## How do you delete a node from a binary search tree?

Delete function is used to delete the specified node from a binary search tree….Function:

- void deletion(Node*& root, int item)
- {
- Node* parent = NULL;
- Node* cur = root;
- search(cur, item, parent);
- if (cur == NULL)
- return;
- if (cur->left == NULL && cur->right == NULL)

## How is a binary search tree constructed?

Construct a Binary Search Tree

- Set the current node to be the root node of the tree.
- If the target value equals the key value for the current node, then the target value is found.
- If the target value is less than the key value for a node, make the current node the left child.

**How do you add and remove an element from a binary search tree?**

Method-01:

- Visit to the right subtree of the deleting node.
- Pluck the least value element called as inorder successor.
- Replace the deleting element with its inorder successor.

### How do I remove a root node from AVL tree?

Solution: in this case, node B has balance factor -1. Deleting the node 60, disturbs the balance factor of the node 50 therefore, it needs to be R-1 rotated.

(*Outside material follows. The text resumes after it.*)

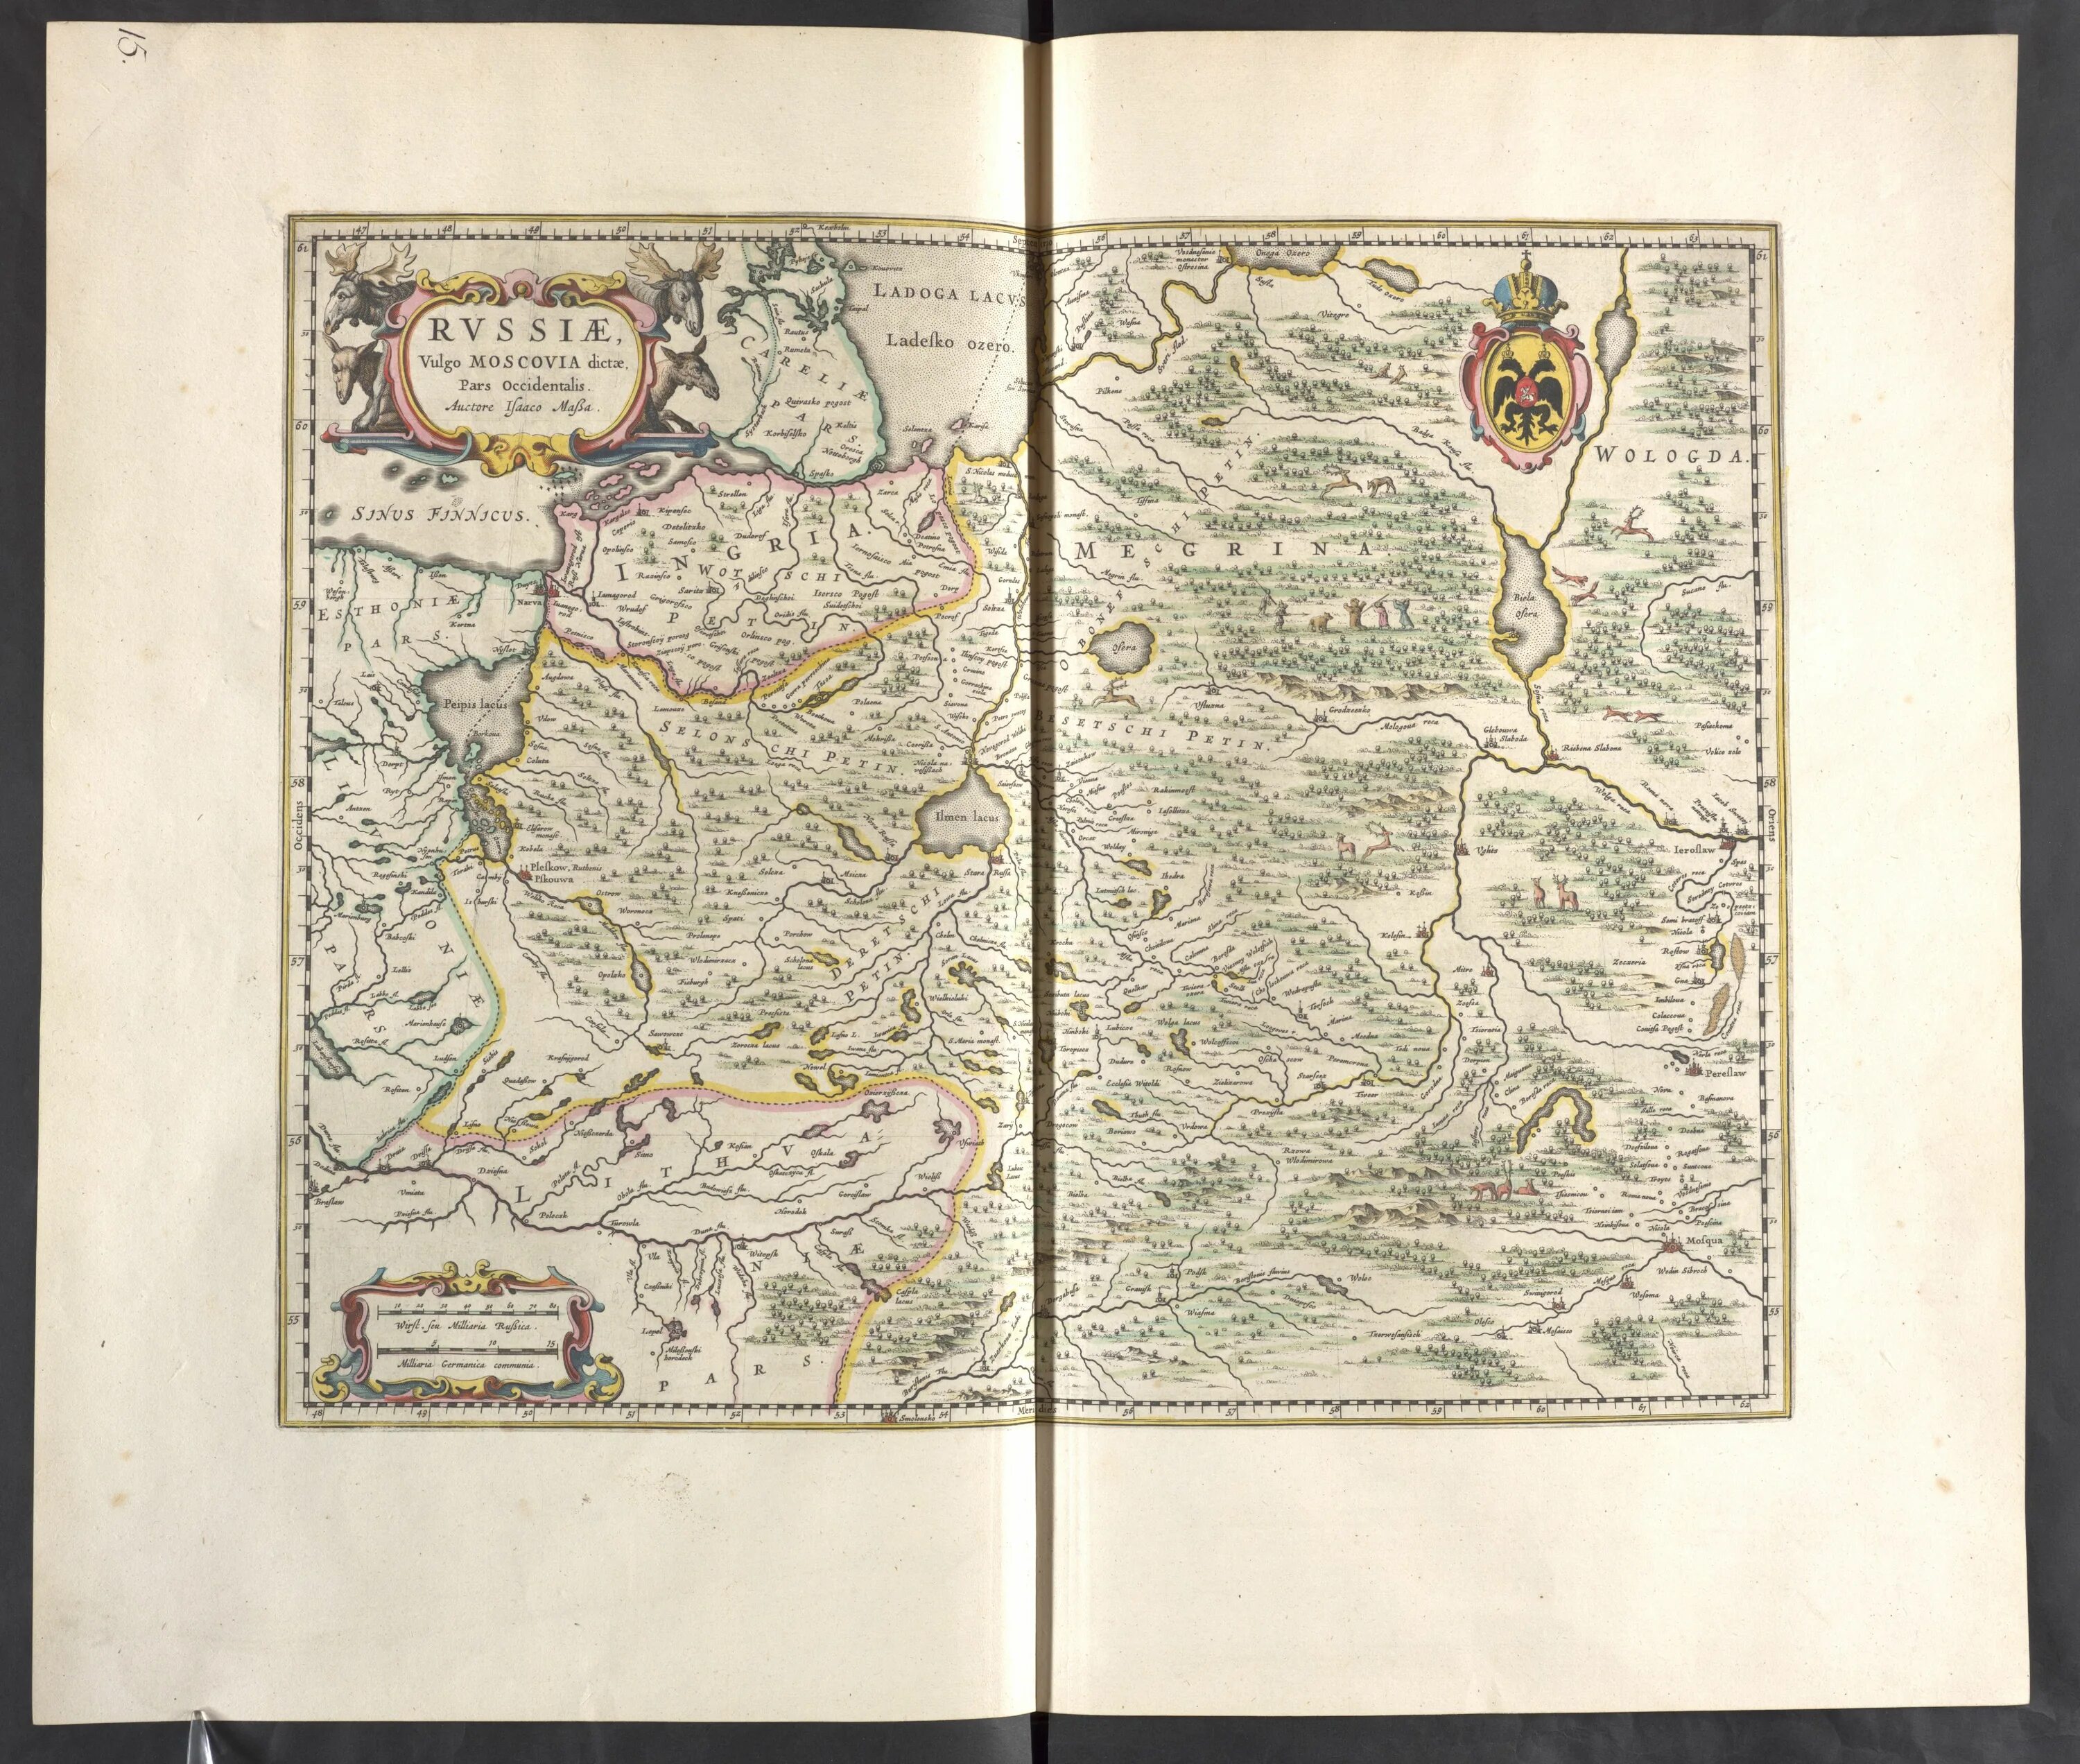 Антоний вид. [Moscovia] - Вильно, 1555 г. [Ефимов 1964]. Russiaæ vulgo Moscovia, Atlas maior, 1645. Карты 15 50

The node C i.e. 45 becomes the root of the tree with the node B(40) and A(50) as its left and right child.

### What are the rules to construct expression tree?

How to construct an expression tree?

- If we get an operand in the given expression, then push it in the stack.
- If an operator gets two values in the expression, then add in the expression tree as its child, and push them in the current node.
- Repeat Step-1 and Step-2 until we do not complete over the given expression.

**What is a binary search tree How can you insert and delete an element in a BST explain using suitable examples?**

Basic operations on a BST

- Create: creates an empty tree.
- Insert: insert a node in the tree.
- Search: Searches for a node in the tree.
- Delete: deletes a node from the tree.
- Inorder: in-order traversal of the tree.
- Preorder: pre-order traversal of the tree.
- Postorder: post-order traversal of the tree.

#### How do insertions and deletions differ in a BST?

Insertion: For inserting element as left child of 2, we have to traverse all elements. Therefore, insertion in binary tree has worst case complexity of O(n). Deletion: For deletion of element 2, we have to traverse all elements to find 2 (assuming we do breadth first traversal).